Please output the line containing "Tall glass with" and all lines that follow it in the data below, exactly, with no pictures.

» **Exercise data**
════

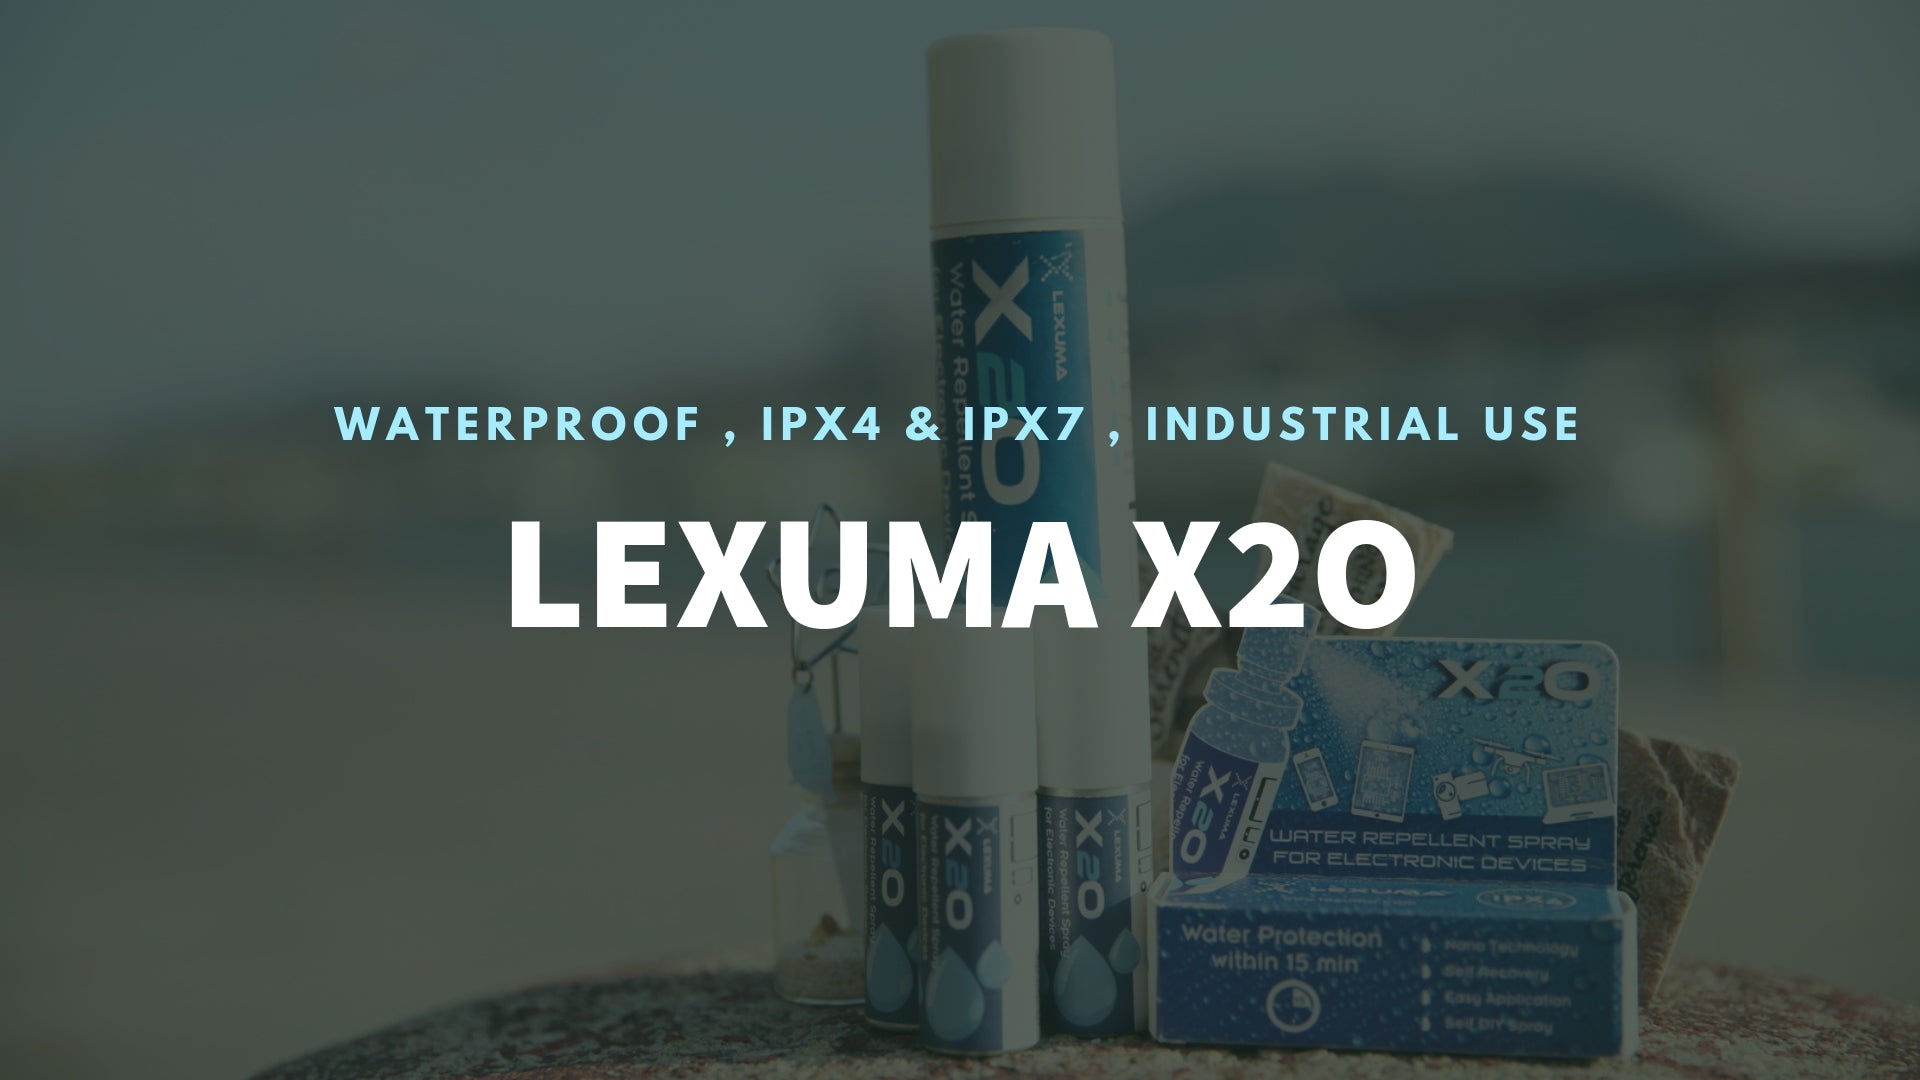 Lexuma 辣數碼防水鍍膜噴霧 X20 Water Repellent Spray with IPX4 and IPX7 water protection
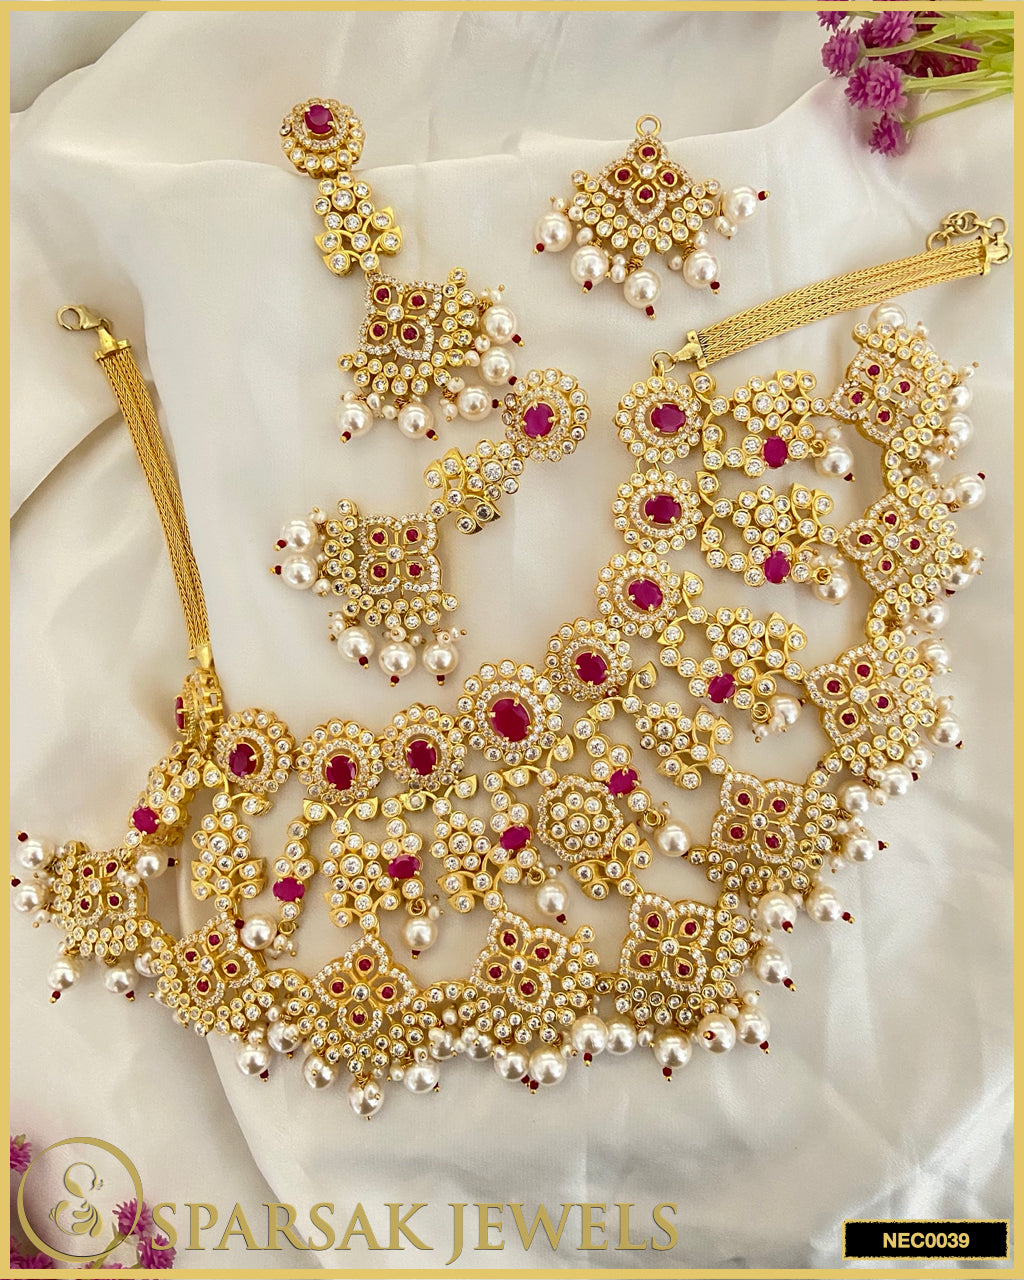 Gold Polished Handcrafted Bridal Necklace Set in Silver with Cubic Zirconia & Ruby by Sparsak Jewels
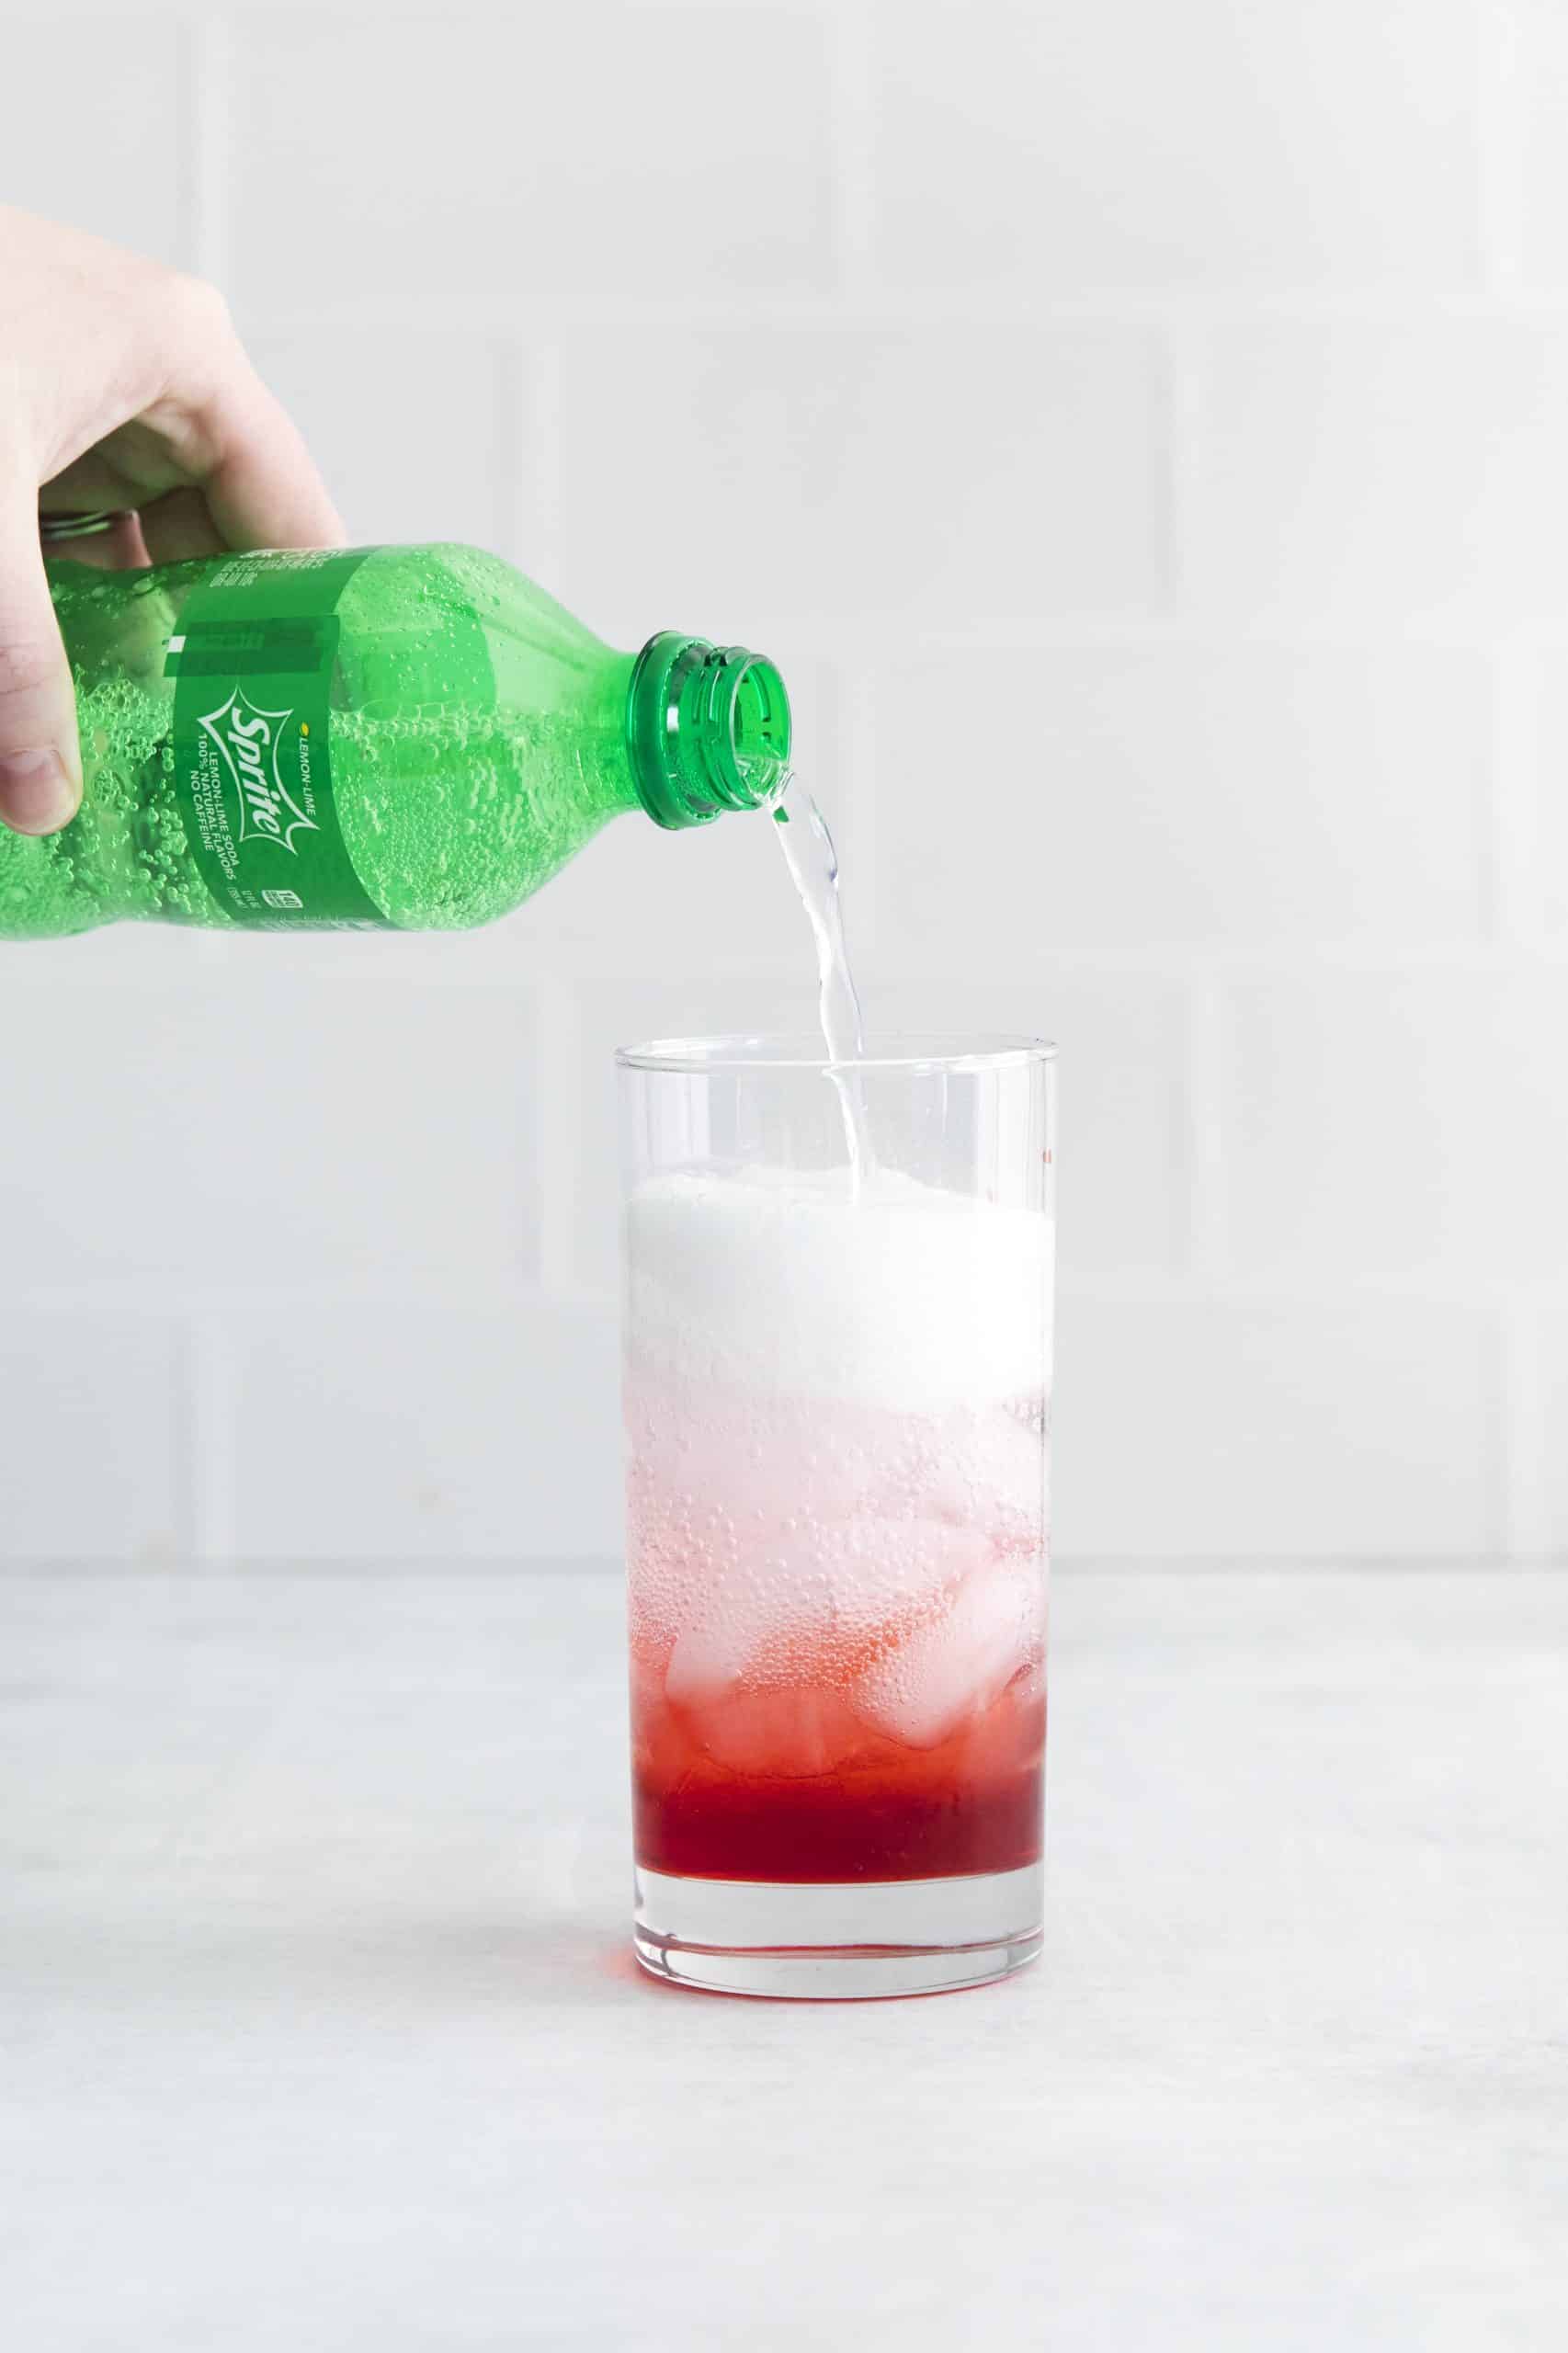 Tall glass with red liquid and sprite being poured into it
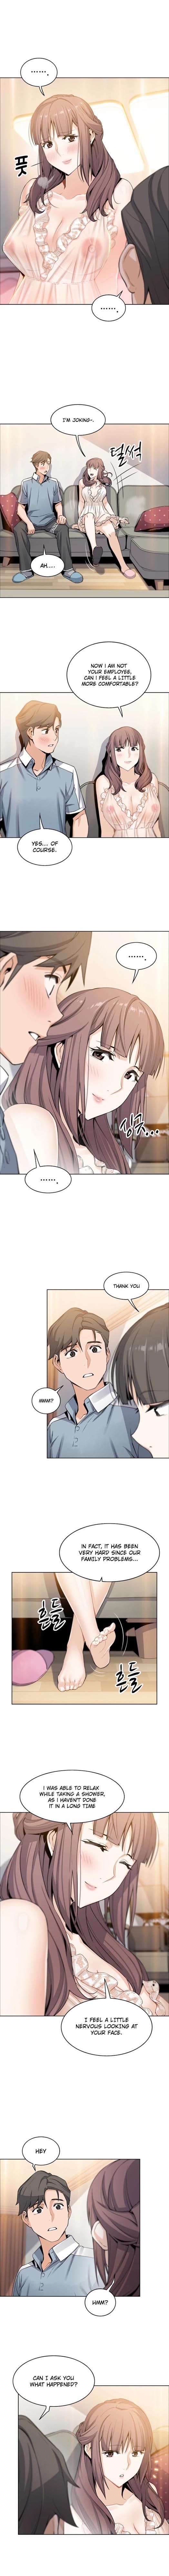 Housekeeper [Neck Pillow, Paper] Ch.49/49 [English] [Manhwa PDF] Completed 109

════

» **Finished exercise**
 Tall glass with red liquid and sprite being poured into it
 Housekeeper [Neck Pillow, Paper] Ch.49/49 [English] [Manhwa PDF] Completed 109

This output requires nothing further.